**MATERIAL FOR THIS TASK**

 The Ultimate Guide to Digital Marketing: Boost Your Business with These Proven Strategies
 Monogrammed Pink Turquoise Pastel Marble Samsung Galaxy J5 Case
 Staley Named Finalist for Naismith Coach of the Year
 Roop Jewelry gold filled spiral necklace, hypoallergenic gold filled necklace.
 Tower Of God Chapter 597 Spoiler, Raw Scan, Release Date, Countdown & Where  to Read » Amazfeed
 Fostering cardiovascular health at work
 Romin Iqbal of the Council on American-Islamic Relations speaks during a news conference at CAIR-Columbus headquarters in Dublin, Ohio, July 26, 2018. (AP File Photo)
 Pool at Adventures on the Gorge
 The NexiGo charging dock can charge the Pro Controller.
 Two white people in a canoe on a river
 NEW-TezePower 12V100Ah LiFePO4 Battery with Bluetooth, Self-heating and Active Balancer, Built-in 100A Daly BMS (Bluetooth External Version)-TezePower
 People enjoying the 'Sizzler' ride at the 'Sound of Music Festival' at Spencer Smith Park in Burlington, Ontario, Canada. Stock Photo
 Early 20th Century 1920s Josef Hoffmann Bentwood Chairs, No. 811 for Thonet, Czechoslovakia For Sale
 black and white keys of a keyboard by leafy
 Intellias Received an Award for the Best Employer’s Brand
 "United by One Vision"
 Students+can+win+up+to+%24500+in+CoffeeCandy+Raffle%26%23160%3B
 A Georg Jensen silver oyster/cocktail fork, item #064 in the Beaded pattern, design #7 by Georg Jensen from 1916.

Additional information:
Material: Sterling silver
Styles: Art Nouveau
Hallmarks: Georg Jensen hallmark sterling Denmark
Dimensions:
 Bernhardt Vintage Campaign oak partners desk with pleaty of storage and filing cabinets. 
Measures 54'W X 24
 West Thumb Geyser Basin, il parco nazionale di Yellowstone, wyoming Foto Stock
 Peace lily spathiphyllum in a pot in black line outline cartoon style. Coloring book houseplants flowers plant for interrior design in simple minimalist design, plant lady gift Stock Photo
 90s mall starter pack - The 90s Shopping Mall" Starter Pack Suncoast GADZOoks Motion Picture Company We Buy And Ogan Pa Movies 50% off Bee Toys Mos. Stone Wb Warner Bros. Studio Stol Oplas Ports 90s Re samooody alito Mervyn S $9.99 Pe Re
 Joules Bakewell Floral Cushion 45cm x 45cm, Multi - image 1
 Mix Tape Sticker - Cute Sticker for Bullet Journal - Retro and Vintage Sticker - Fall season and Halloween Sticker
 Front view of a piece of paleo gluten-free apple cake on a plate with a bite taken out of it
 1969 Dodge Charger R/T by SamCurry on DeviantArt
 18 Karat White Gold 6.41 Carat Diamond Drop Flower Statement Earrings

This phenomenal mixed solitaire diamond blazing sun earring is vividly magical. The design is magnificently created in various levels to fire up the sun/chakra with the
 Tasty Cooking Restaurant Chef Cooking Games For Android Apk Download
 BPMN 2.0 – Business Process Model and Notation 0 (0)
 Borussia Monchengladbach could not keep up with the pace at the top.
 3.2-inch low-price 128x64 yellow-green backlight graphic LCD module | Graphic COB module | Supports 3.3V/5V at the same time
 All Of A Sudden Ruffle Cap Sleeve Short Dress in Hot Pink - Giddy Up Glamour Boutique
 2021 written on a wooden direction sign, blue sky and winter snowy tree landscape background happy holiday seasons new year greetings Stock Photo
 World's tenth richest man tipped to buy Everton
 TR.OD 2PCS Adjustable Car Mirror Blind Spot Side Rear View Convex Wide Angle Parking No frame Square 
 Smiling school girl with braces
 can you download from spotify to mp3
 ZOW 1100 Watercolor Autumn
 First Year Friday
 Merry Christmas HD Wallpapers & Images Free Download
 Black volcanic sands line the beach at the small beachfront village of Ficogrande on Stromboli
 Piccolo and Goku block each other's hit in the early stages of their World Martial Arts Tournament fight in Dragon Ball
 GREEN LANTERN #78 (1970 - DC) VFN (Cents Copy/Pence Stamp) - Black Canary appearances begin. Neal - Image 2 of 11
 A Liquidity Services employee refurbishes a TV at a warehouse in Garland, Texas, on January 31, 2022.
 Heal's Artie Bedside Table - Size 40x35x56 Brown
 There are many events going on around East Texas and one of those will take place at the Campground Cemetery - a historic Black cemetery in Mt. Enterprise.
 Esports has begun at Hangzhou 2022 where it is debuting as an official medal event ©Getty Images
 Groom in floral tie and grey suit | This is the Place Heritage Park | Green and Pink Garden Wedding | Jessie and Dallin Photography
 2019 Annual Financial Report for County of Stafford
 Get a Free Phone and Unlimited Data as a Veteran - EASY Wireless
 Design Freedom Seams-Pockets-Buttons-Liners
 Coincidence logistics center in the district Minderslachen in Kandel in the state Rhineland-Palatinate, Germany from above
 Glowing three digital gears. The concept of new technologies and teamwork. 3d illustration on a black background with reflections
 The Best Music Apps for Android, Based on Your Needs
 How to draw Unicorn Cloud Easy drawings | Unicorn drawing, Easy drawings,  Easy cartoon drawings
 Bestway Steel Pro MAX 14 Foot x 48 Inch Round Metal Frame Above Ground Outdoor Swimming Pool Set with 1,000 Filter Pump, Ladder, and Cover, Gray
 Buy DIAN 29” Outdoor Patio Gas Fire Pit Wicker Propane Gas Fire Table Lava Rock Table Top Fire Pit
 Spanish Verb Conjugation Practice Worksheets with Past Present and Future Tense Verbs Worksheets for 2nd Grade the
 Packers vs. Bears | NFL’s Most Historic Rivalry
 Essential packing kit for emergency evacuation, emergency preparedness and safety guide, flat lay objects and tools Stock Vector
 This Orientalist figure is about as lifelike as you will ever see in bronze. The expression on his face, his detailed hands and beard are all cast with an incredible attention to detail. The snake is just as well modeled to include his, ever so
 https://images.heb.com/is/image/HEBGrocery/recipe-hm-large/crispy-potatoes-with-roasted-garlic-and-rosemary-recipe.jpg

**EXERCISE PROMPT**
There is a line with "Fostering cardiovascular health at work" and a line with "Students+can+win+up+to+%24500+in+CoffeeCandy+Raffle%26%23160%3B" above. Copy exactly those two lines and all lines between them, with nothing else.

**THE COMPLETED TASK**
 Fostering cardiovascular health at work
 Romin Iqbal of the Council on American-Islamic Relations speaks during a news conference at CAIR-Columbus headquarters in Dublin, Ohio, July 26, 2018. (AP File Photo)
 Pool at Adventures on the Gorge
 The NexiGo charging dock can charge the Pro Controller.
 Two white people in a canoe on a river
 NEW-TezePower 12V100Ah LiFePO4 Battery with Bluetooth, Self-heating and Active Balancer, Built-in 100A Daly BMS (Bluetooth External Version)-TezePower
 People enjoying the 'Sizzler' ride at the 'Sound of Music Festival' at Spencer Smith Park in Burlington, Ontario, Canada. Stock Photo
 Early 20th Century 1920s Josef Hoffmann Bentwood Chairs, No. 811 for Thonet, Czechoslovakia For Sale
 black and white keys of a keyboard by leafy
 Intellias Received an Award for the Best Employer’s Brand
 "United by One Vision"
 Students+can+win+up+to+%24500+in+CoffeeCandy+Raffle%26%23160%3B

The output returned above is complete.